Trump Sues New York and Congress to Shield His State Tax Returns

Trump Sues New York and Congress to Shield His State Tax Returns


It was against that backdrop that Democrats in New York assembled their bill and Gov. Andrew M. Cuomo signed it into law this month. As enacted, it requires state tax officials to hand over Mr. Trump’s state returns to the chairman of one of three congressional panels: the House Ways and Means Committee, the Senate Finance Committee and the Joint Committee on Taxation. The chairmen need only demonstrate a “specified and legitimate legislative purpose” for making the request.

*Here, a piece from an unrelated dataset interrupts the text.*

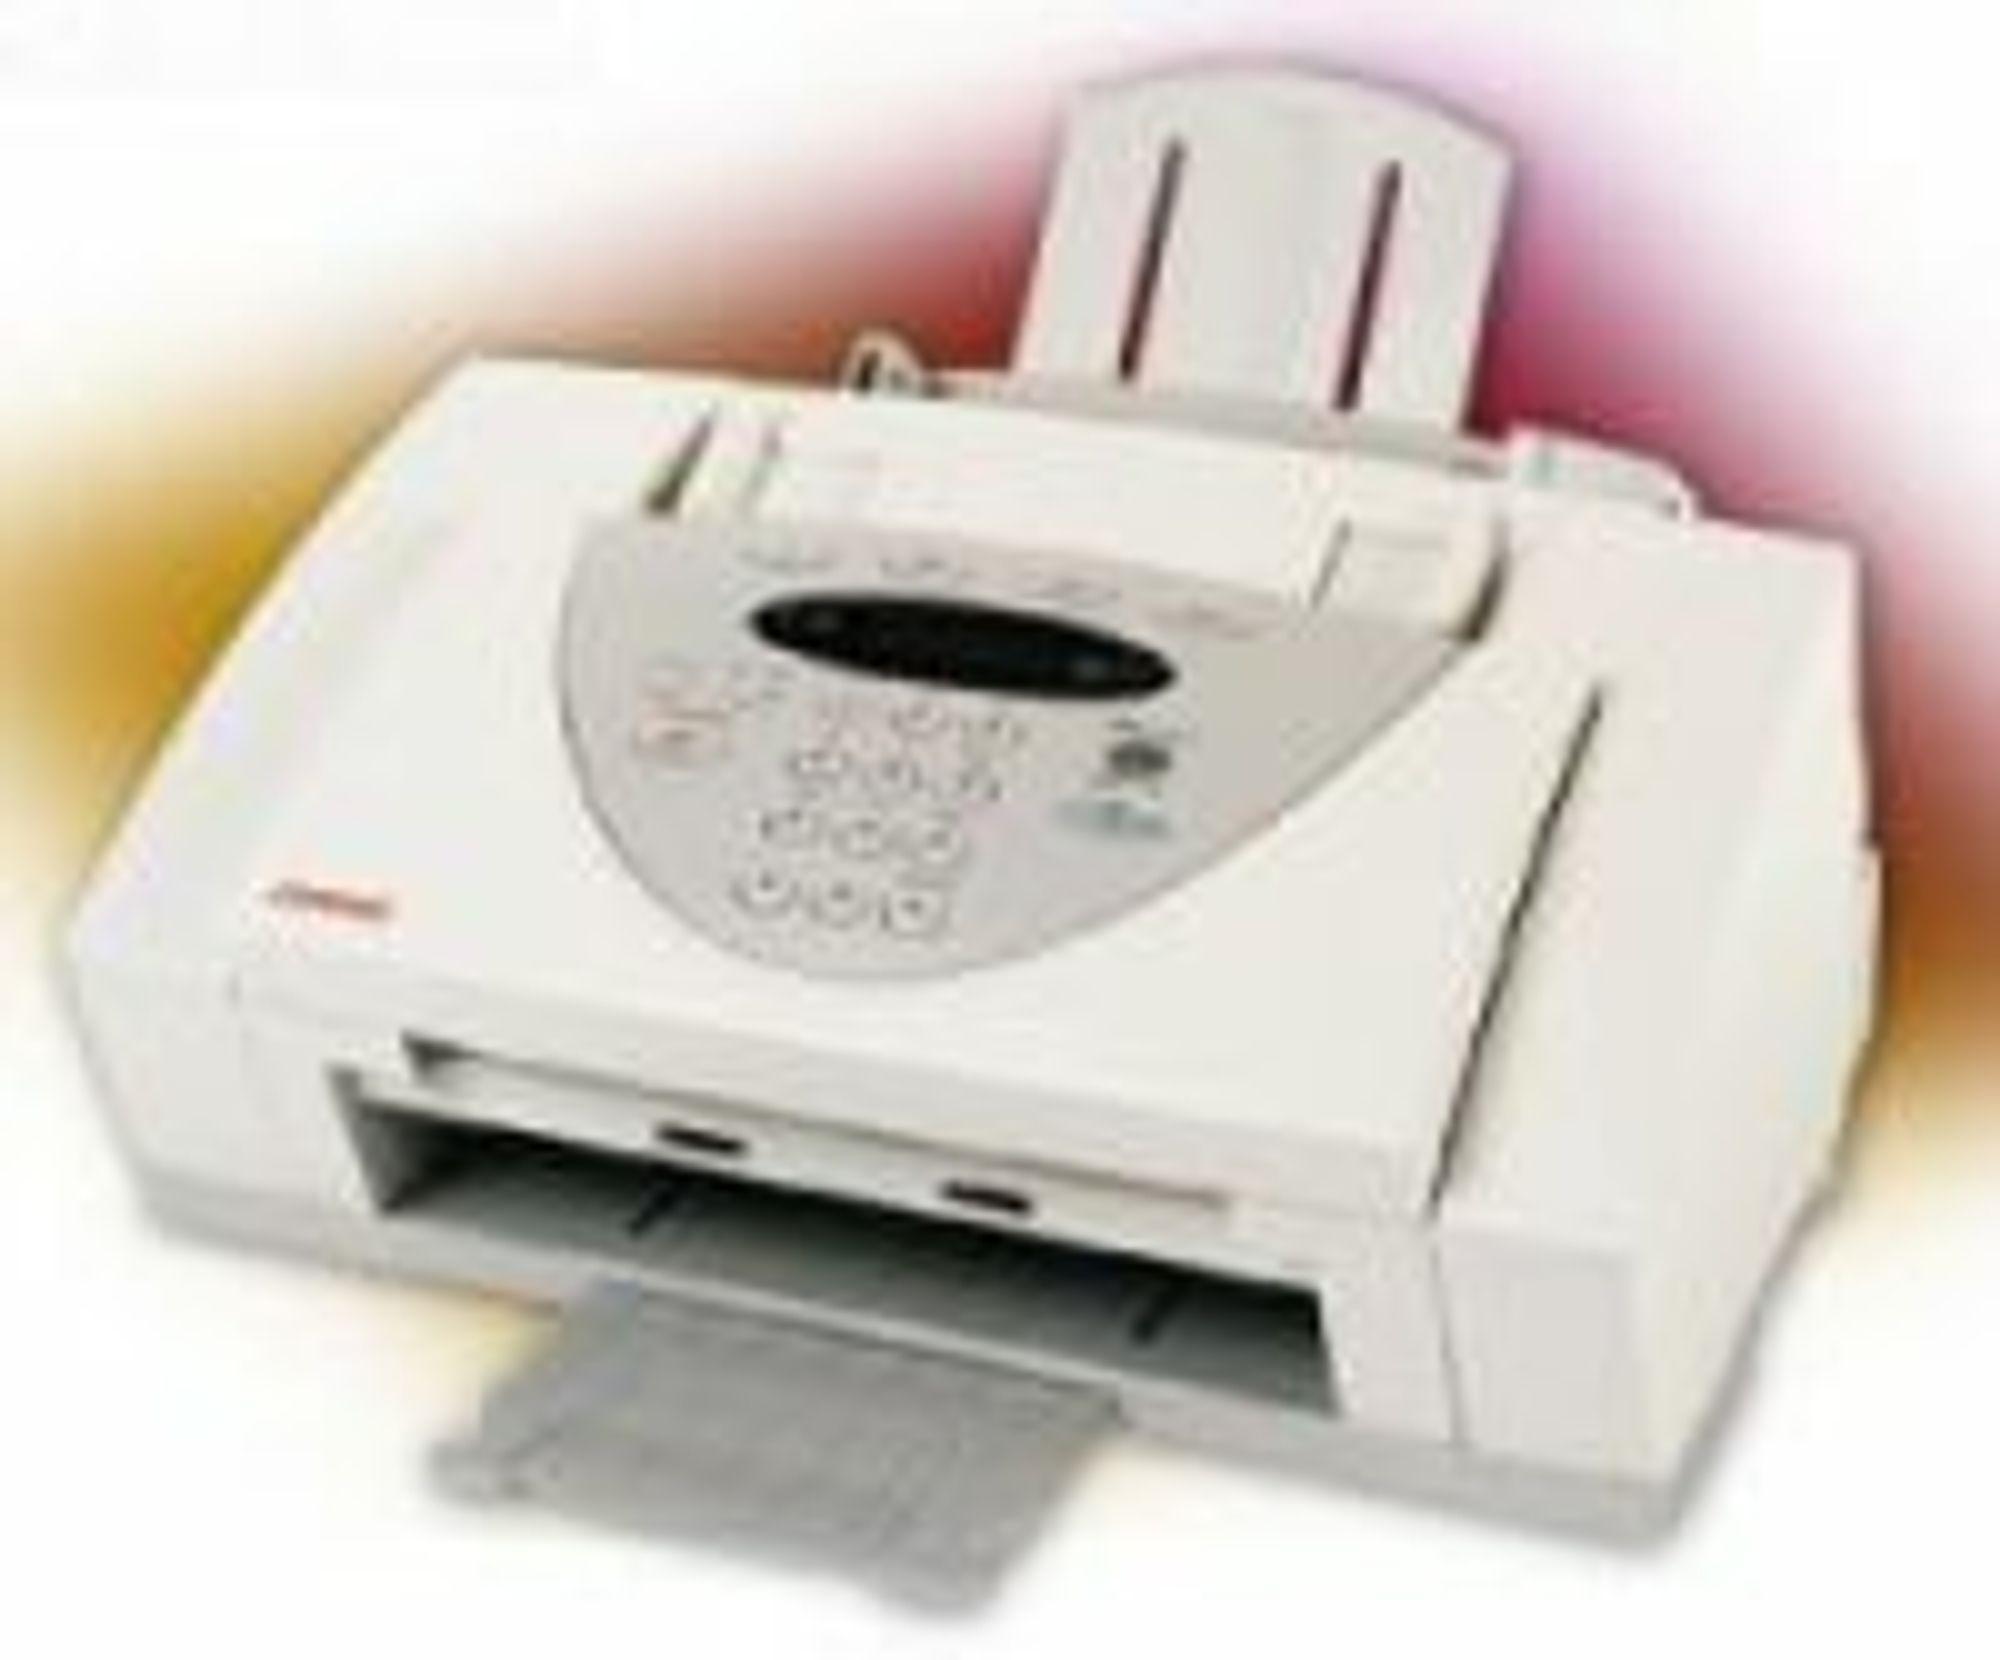 Multifunksjonsskriveren Compaq A900

State tax documents would most likely contain much of the information that Mr. Trump’s federal returns would.

Mr. Neal, a Democrat, has given no indication that he intends to actually make a request under the New York law. Some Democrats on Capitol Hill have even viewed the New York measure with reservation, worrying it will jeopardize their pursuit of Mr. Trump’s federal returns.

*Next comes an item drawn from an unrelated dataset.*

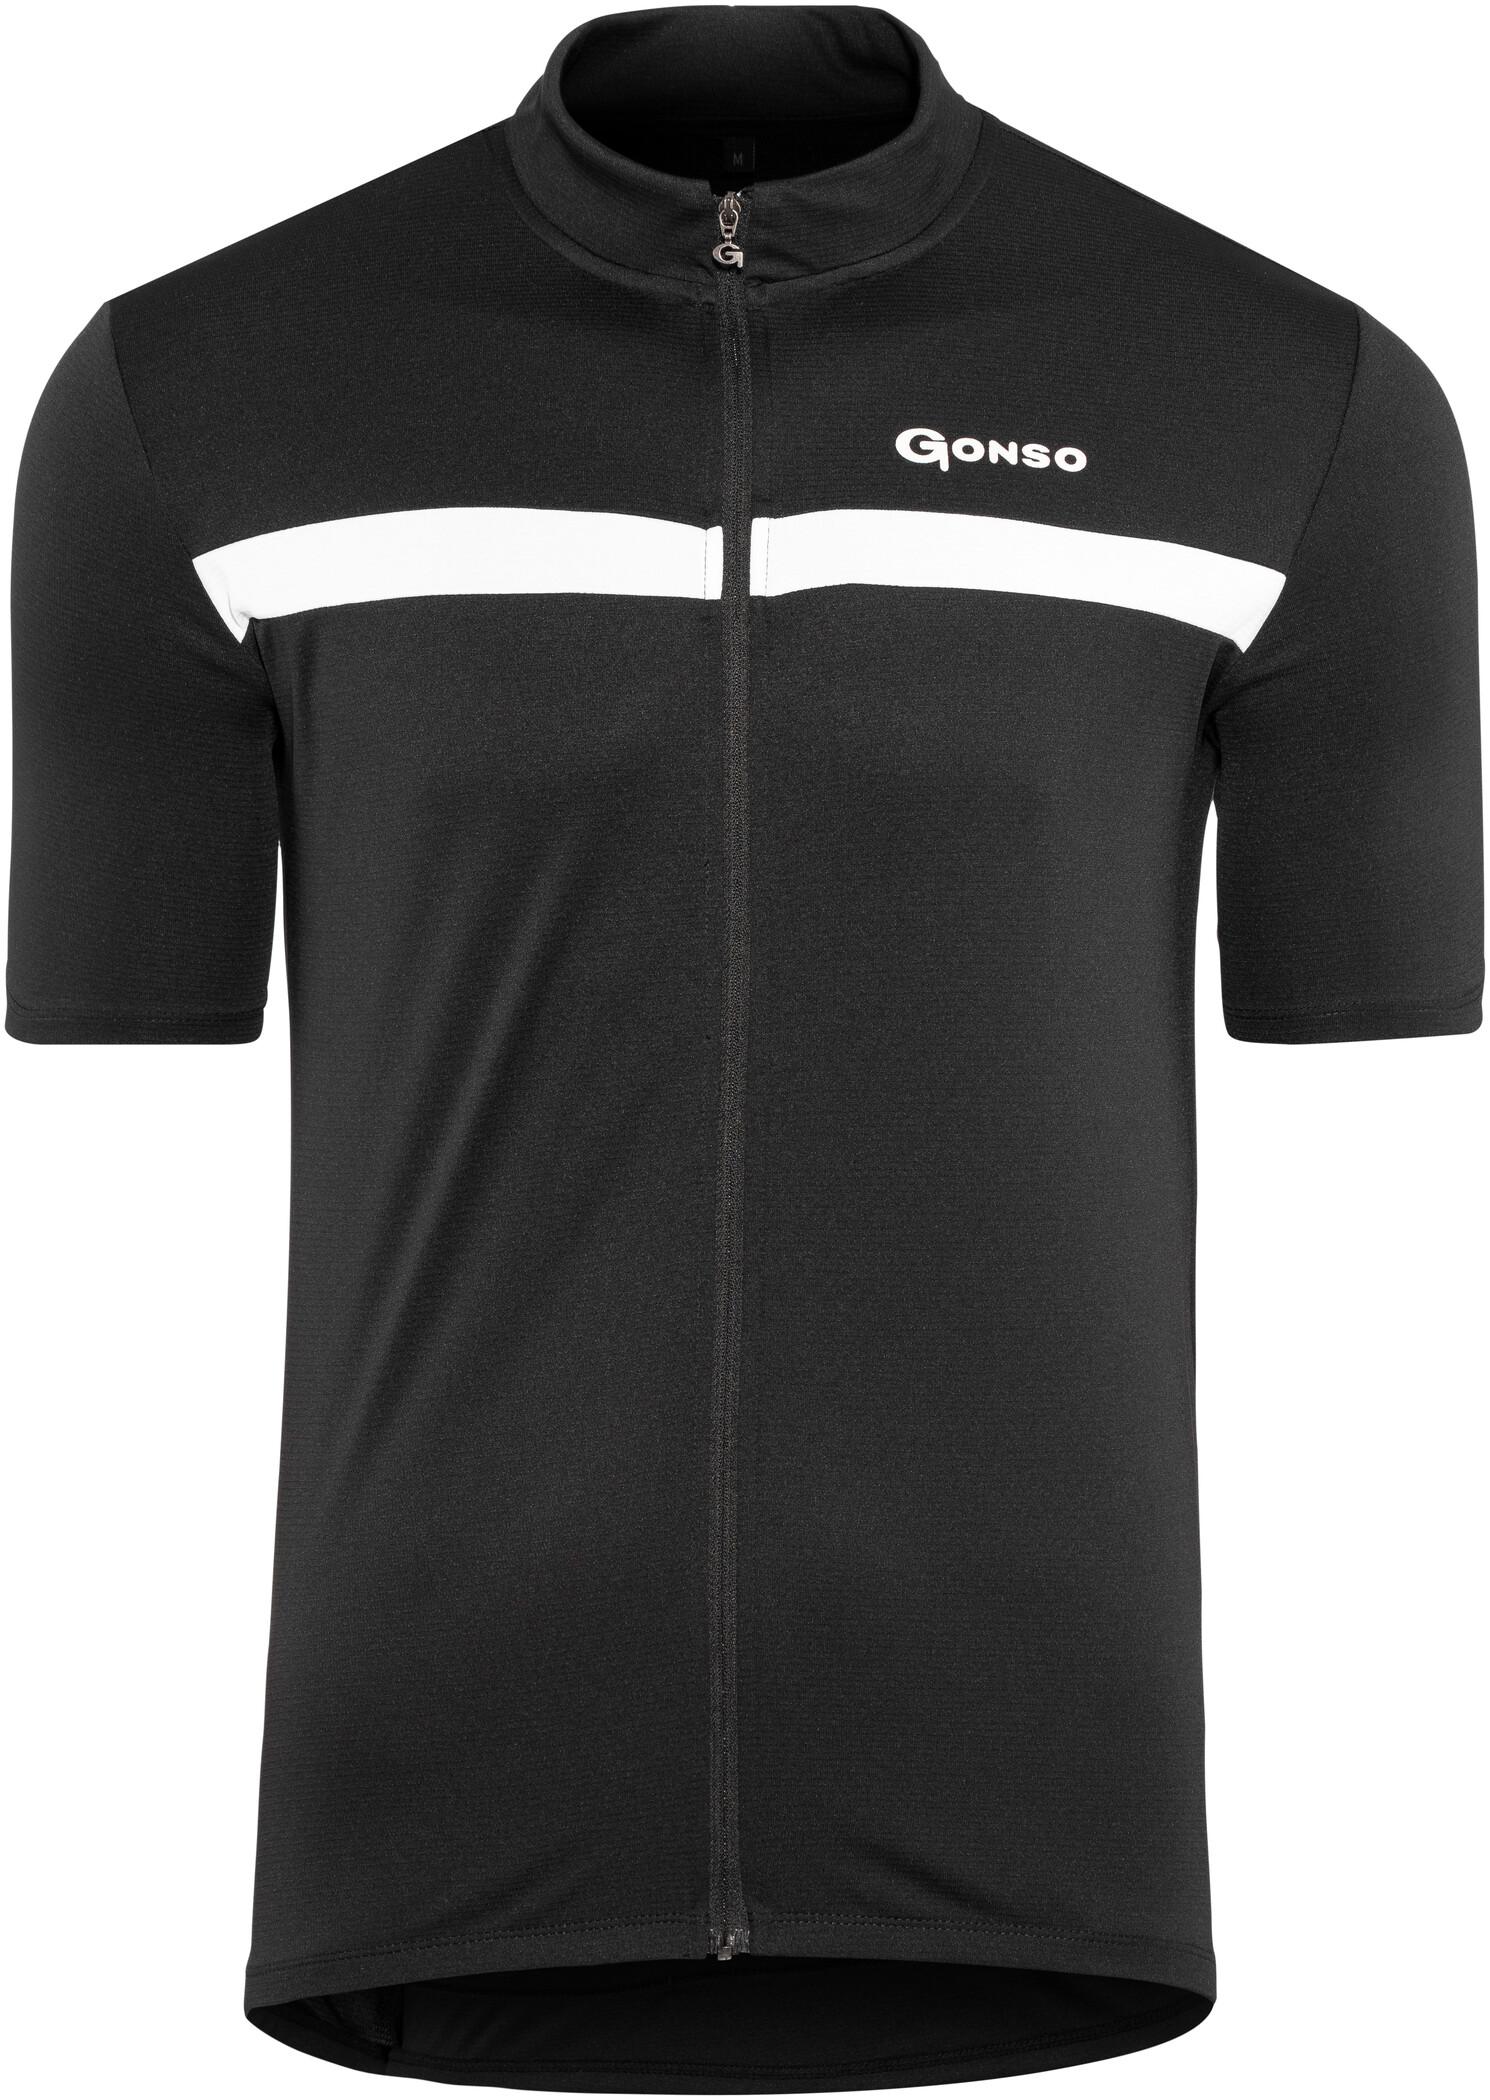 Gonso Artur Kortærmet cykeltrøje Herrer, black | Jerseys

But Mr. Trump’s lawyers argue that Mr. Neal could change his mind at any time, and New York could comply “nearly instantaneously, mooting the president’s ability to object before his tax records are disclosed.”

“President Trump was thus forced to bring this lawsuit to safeguard his legal rights,” they wrote.

The legal maneuver is becoming familiar seven months into the Democratic House majority. Mr. Trump has also intervened in his private capacity to try to block private companies from complying with congressional subpoenas for various financial records.

Democrats in Washington and Albany were not happy.

Representative Bill Pascrell Jr., Democrat of New Jersey and a member of the Ways and Means Committee, called the lawsuit “a pathetic stunt, not worth the forms it’s printed on, and should be laughed out of court.”

State Senator Brad Hoylman, the Manhattan Democrat who sponsored the bill in Albany’s upper chamber, rejected arguments by Mr. Trump’s lawyers. Responding to their claim that the law targeted Mr. Trump specifically, Mr. Hoylman noted that it applied “to all public officials who filed taxes in the state of New York.”

“As I’ve said all along, this is bigger than one elected official,” he said, adding that the law “represents an important statement on behalf of balance of powers, of which states like New York have an important role.”